Collaborative Research: Global Observational Constraints on Oceanic Response to Wind Forcing

合作研究：海洋对风强迫响应的全球观测限制

• 批准号: 1459347
• 负责人: Jonathan Lilly
• 金额: $ 26.24万
• 依托单位: NorthWest Research Associates, Incorporated
• 依托单位国家: 美国
• 项目类别: Standard Grant
• 财政年份: 2015
• 资助国家: 美国
• 起止时间: 2015-04-01 至 2019-03-31
• 项目状态: 已结题
• 来源: https://www.nsf.gov/awardsearch/showAward?AWD_ID=1459347&HistoricalAwards=false
• 关键词: Collaborative; Research; Global; Observational; Constraints

The physical processes responsible for distributing momentum throughout the ocean surface boundary layer are the subject of active concern in the oceanographic community. This interest is motivated to a large degree by the central importance of correctly parameterizing upper-ocean processes in coupled climate models. At the same time, there is a tradition in oceanography of seeking physical information by examining the nature of the relationship between wind stress and observed surface currents. This study will contribute to a better understanding of the mixing processes that are needed to accurately parameterize the ocean surface boundary layer in global climate models, an important societal benefit.
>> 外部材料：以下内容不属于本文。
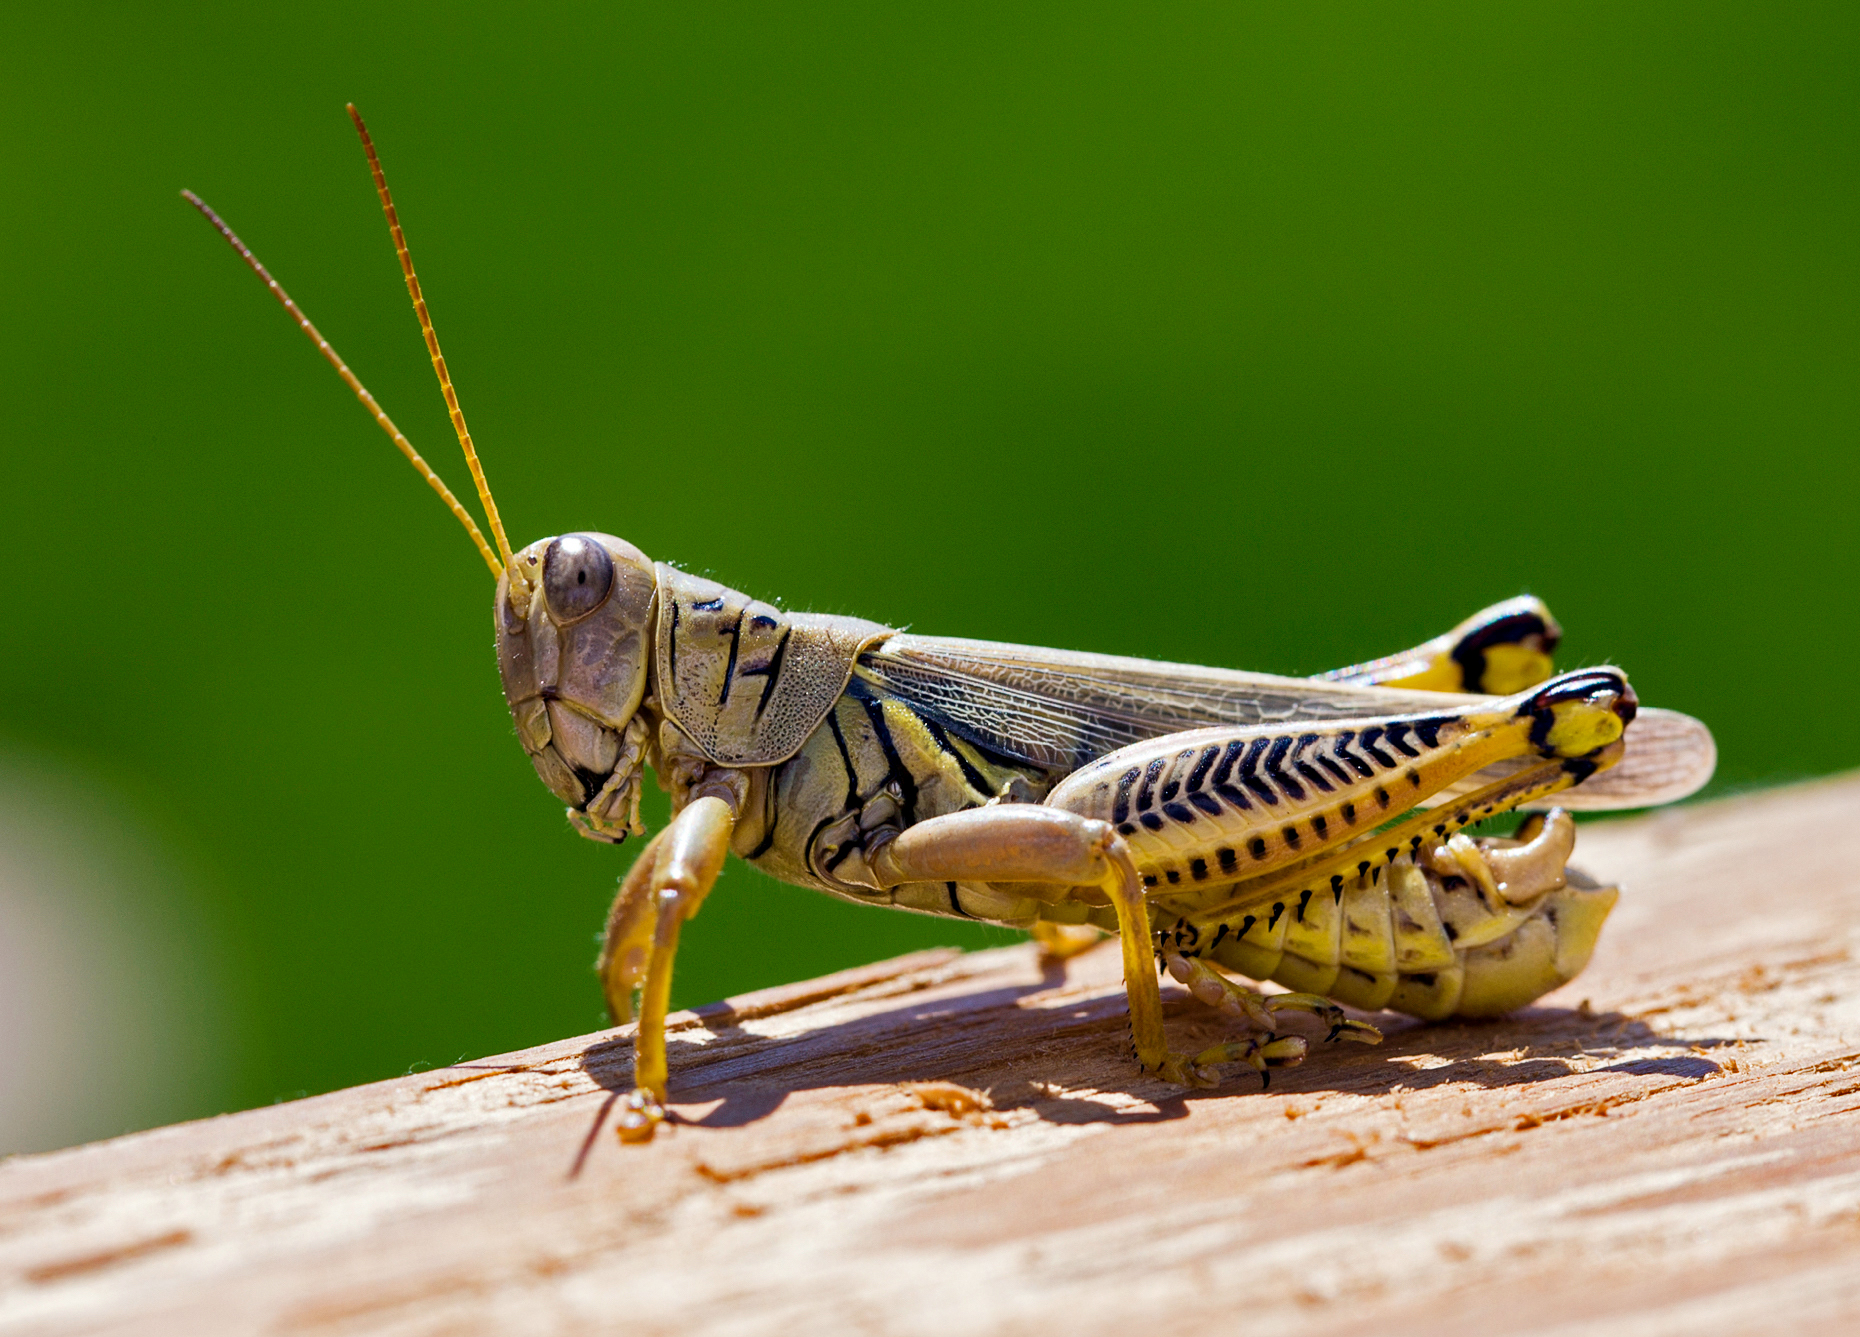 Grasshopper (Caelifera) on a wooden garden fence.

Any improvement in the ability to estimate surface currents given the wind forcing is expected to be of interest for oil spill response and other practical applications. A key output for the community will be an improved estimate of the locally wind-driven currents, which will be distributed from the Global Drifter Program's website as a supplementary data product. This project will also support an early-career scientist.The goal of this project is to better understand the dynamics of the ocean surface boundary layer through the first global study of the wind/current transfer function. This is to be accomplished by analyzing in detail the response to wind forcing in the global array of surface drifters, which sample the ocean currents in the vicinity of their 15 m drogue depth. The global analysis is to be informed and tested by (i) a prototype study from the Salinity Processes in the Upper Ocean Regional Study region, near a well-instrumented air-sea flux mooring, and (ii) analysis of synthetic data generated with a recently improved turbulence closure model that explicitly includes Langmuir turbulence. The hypotheses that wind, wave, and stratification state substantially modify near-surface mixing will be tested by examining dependencies of the transfer function on various environmental parameters, such as Langmuir number. Observed patterns will then be interpreted and scrutinized by deriving new theoretical approximations to the expected transfer functions characterizing different mixing processes.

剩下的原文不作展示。